Dataset excerpt below:

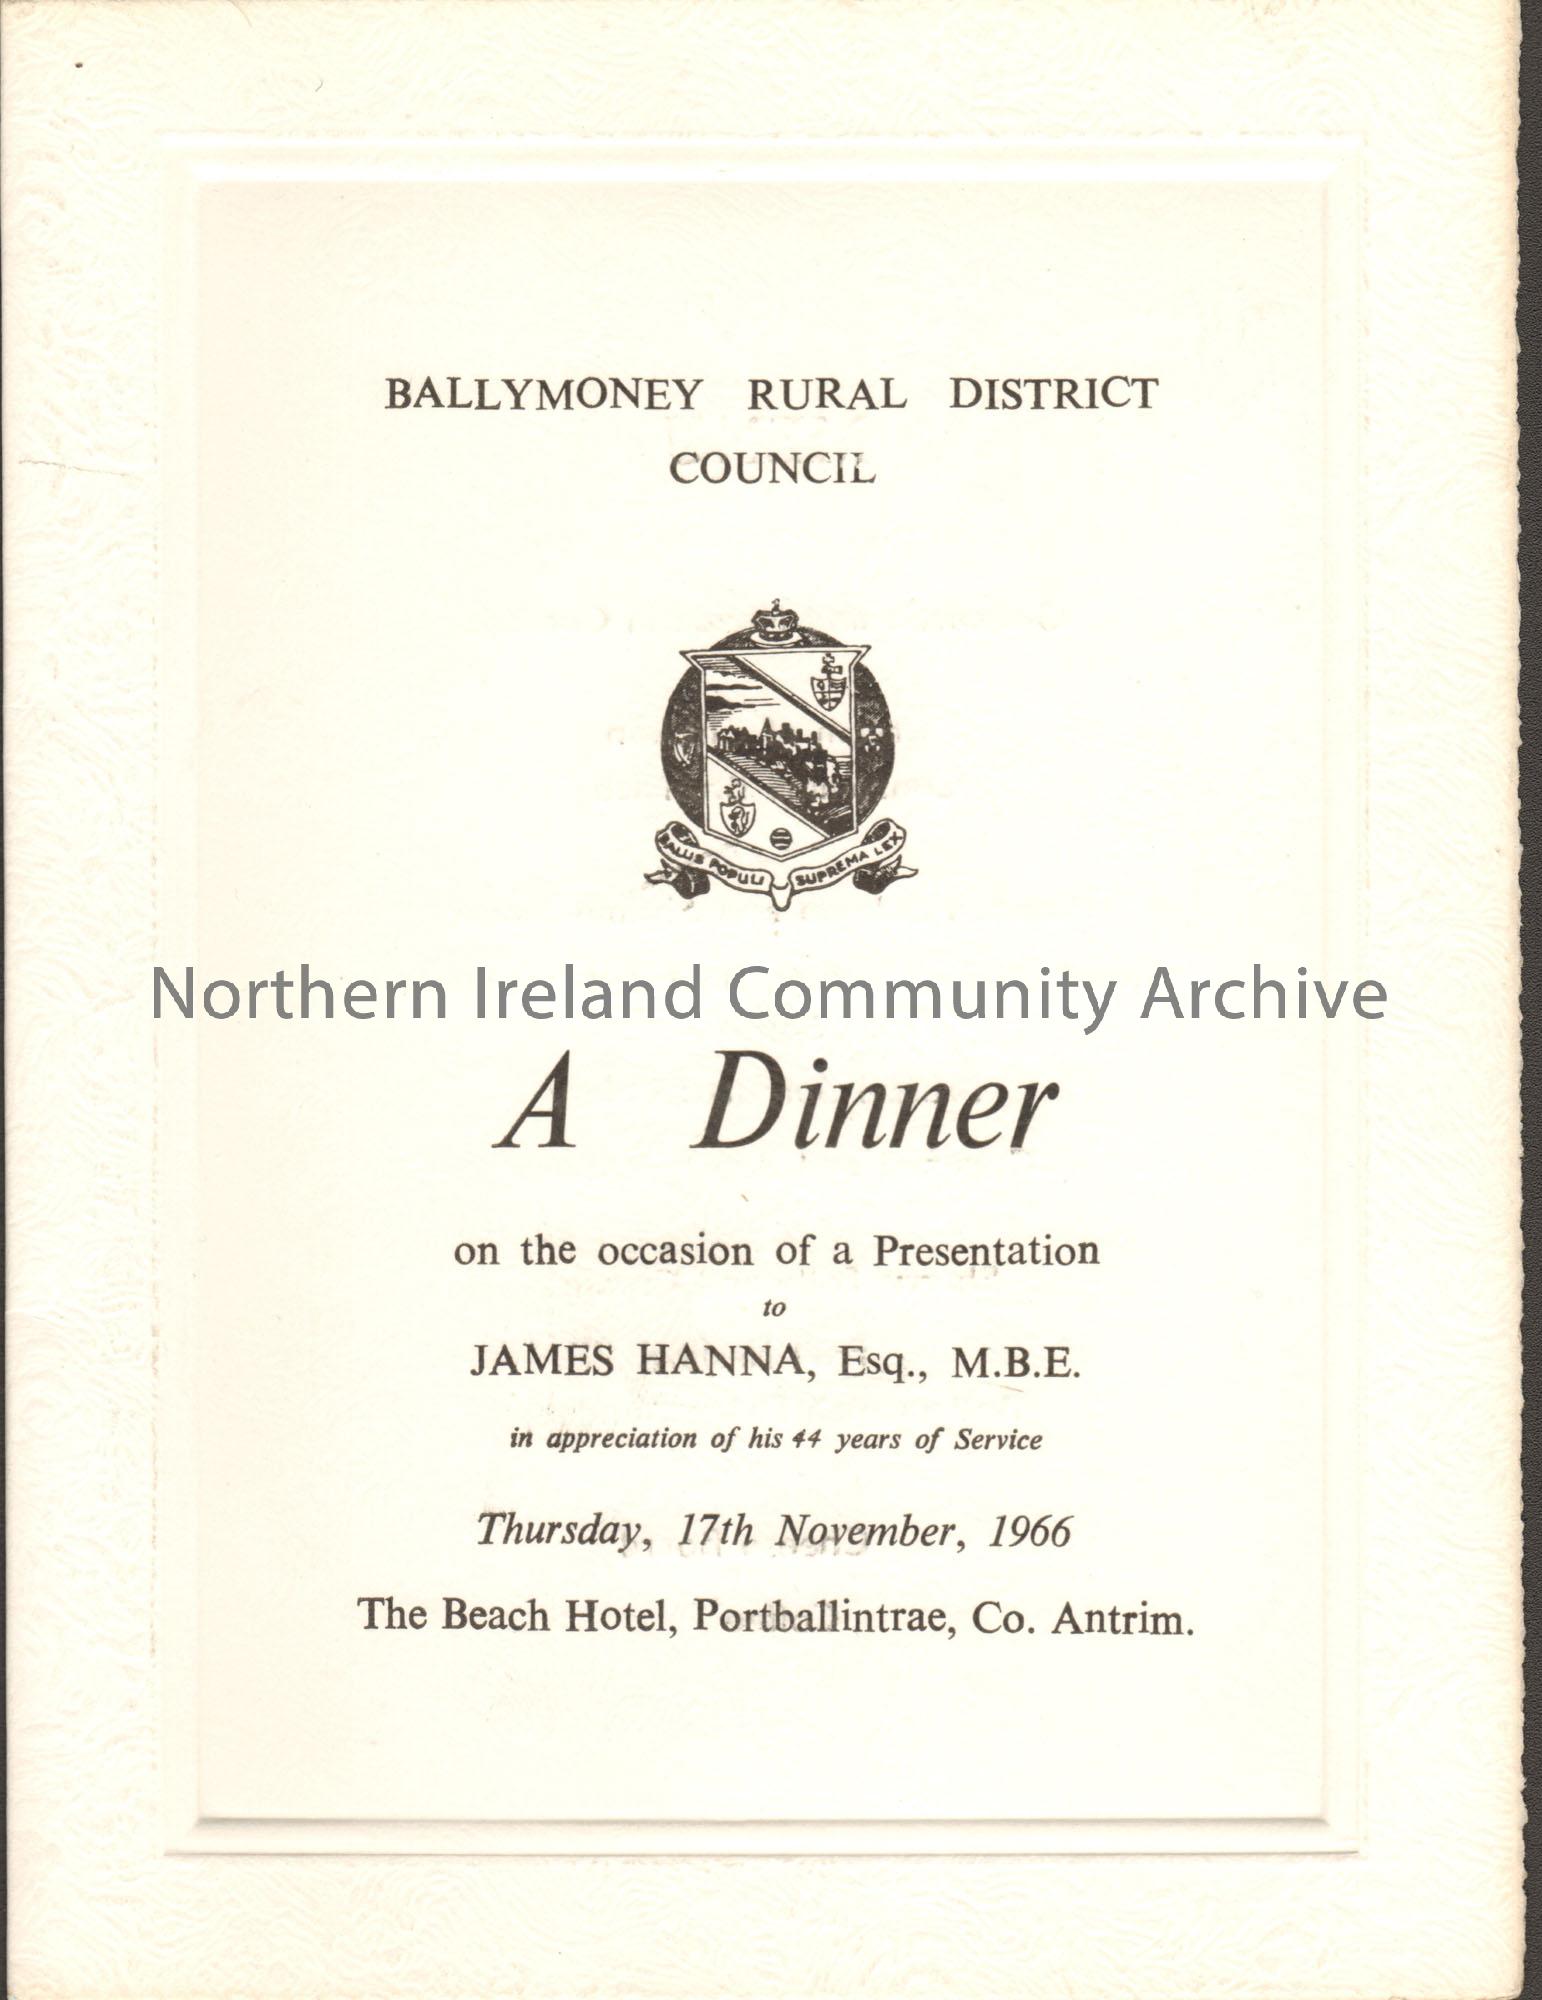 White menu with crest on the front on embossed card. “Ballymoney Rural Council. A Dinner on the occasion of a presentation to James Hanna…”
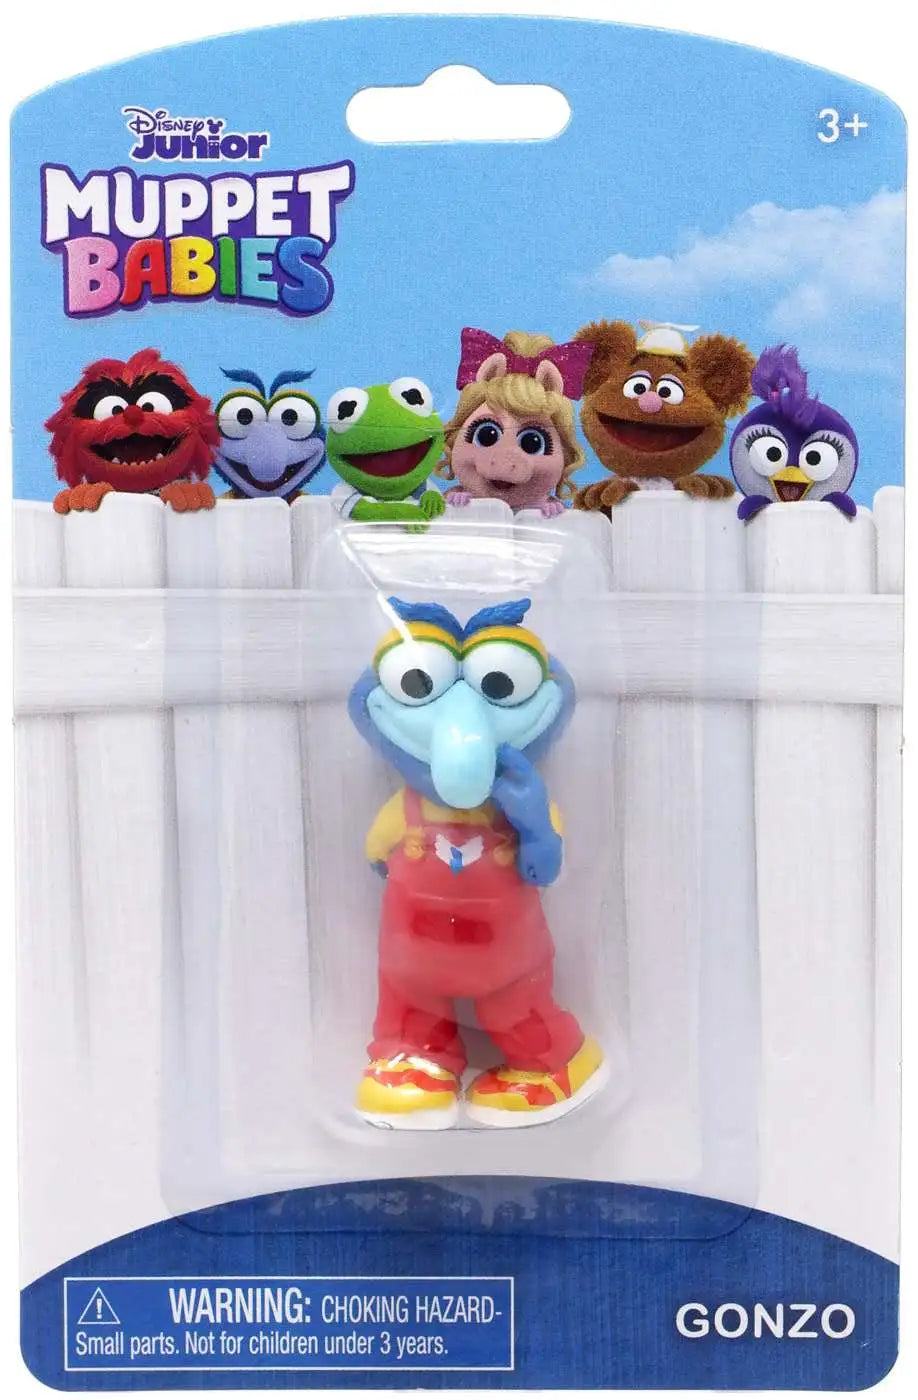 MUPPET BABIES: GONZO - JUST PLAY-2019
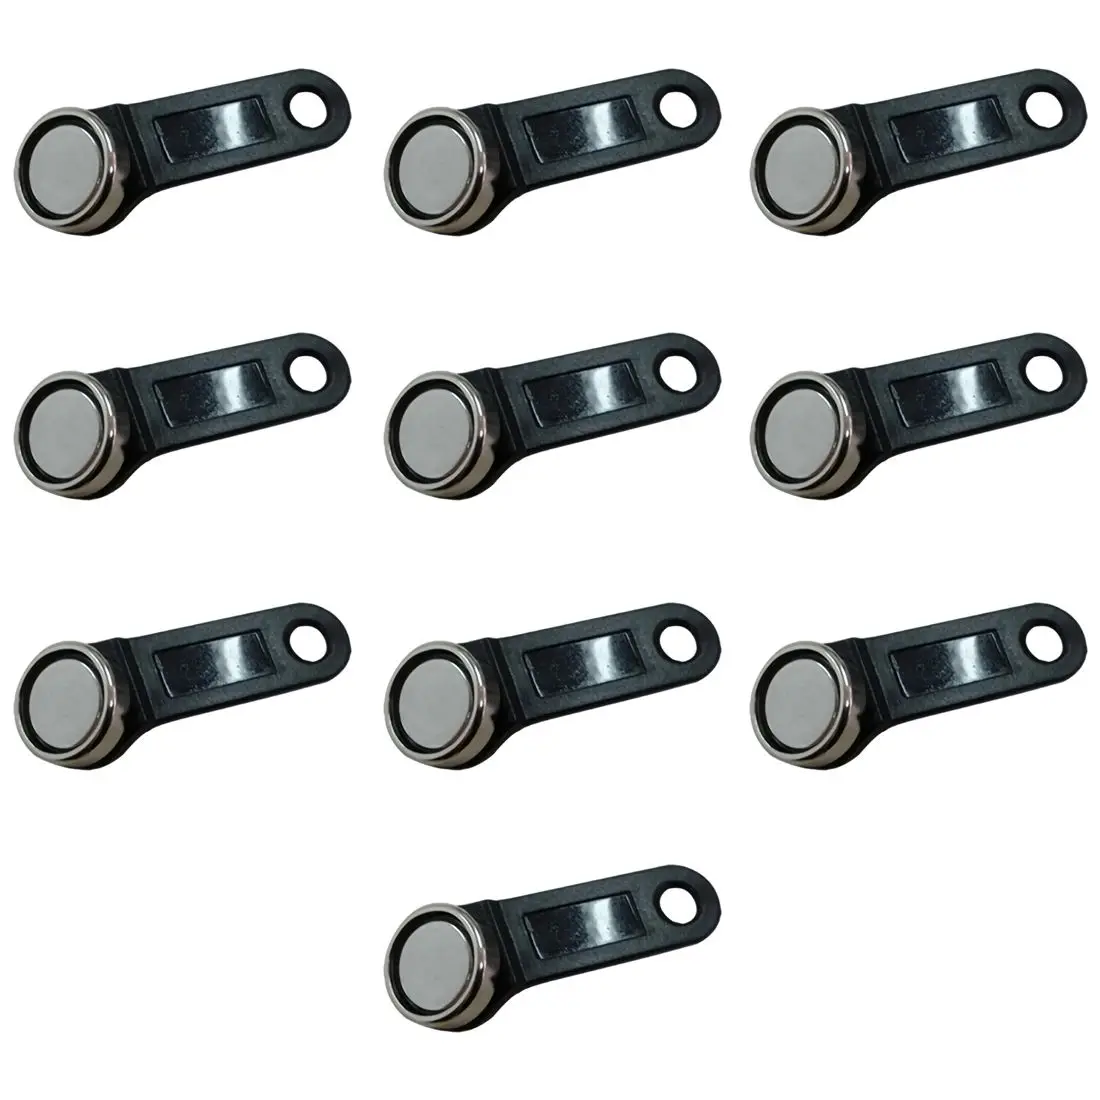 

10pcs DS1990A-F5 TM Card iButton Tag with wall-mounted Black

End of Dataset excerpt.

> **What needs to be done**:
Your job is to restate, word for word, only the lines from the one holding "MUPPET BABIES: GONZO - JUST PLAY-2019" through the end of the material; pictures stay out.

> **Answer space**:
 MUPPET BABIES: GONZO - JUST PLAY-2019

10pcs DS1990A-F5 TM Card iButton Tag with wall-mounted Black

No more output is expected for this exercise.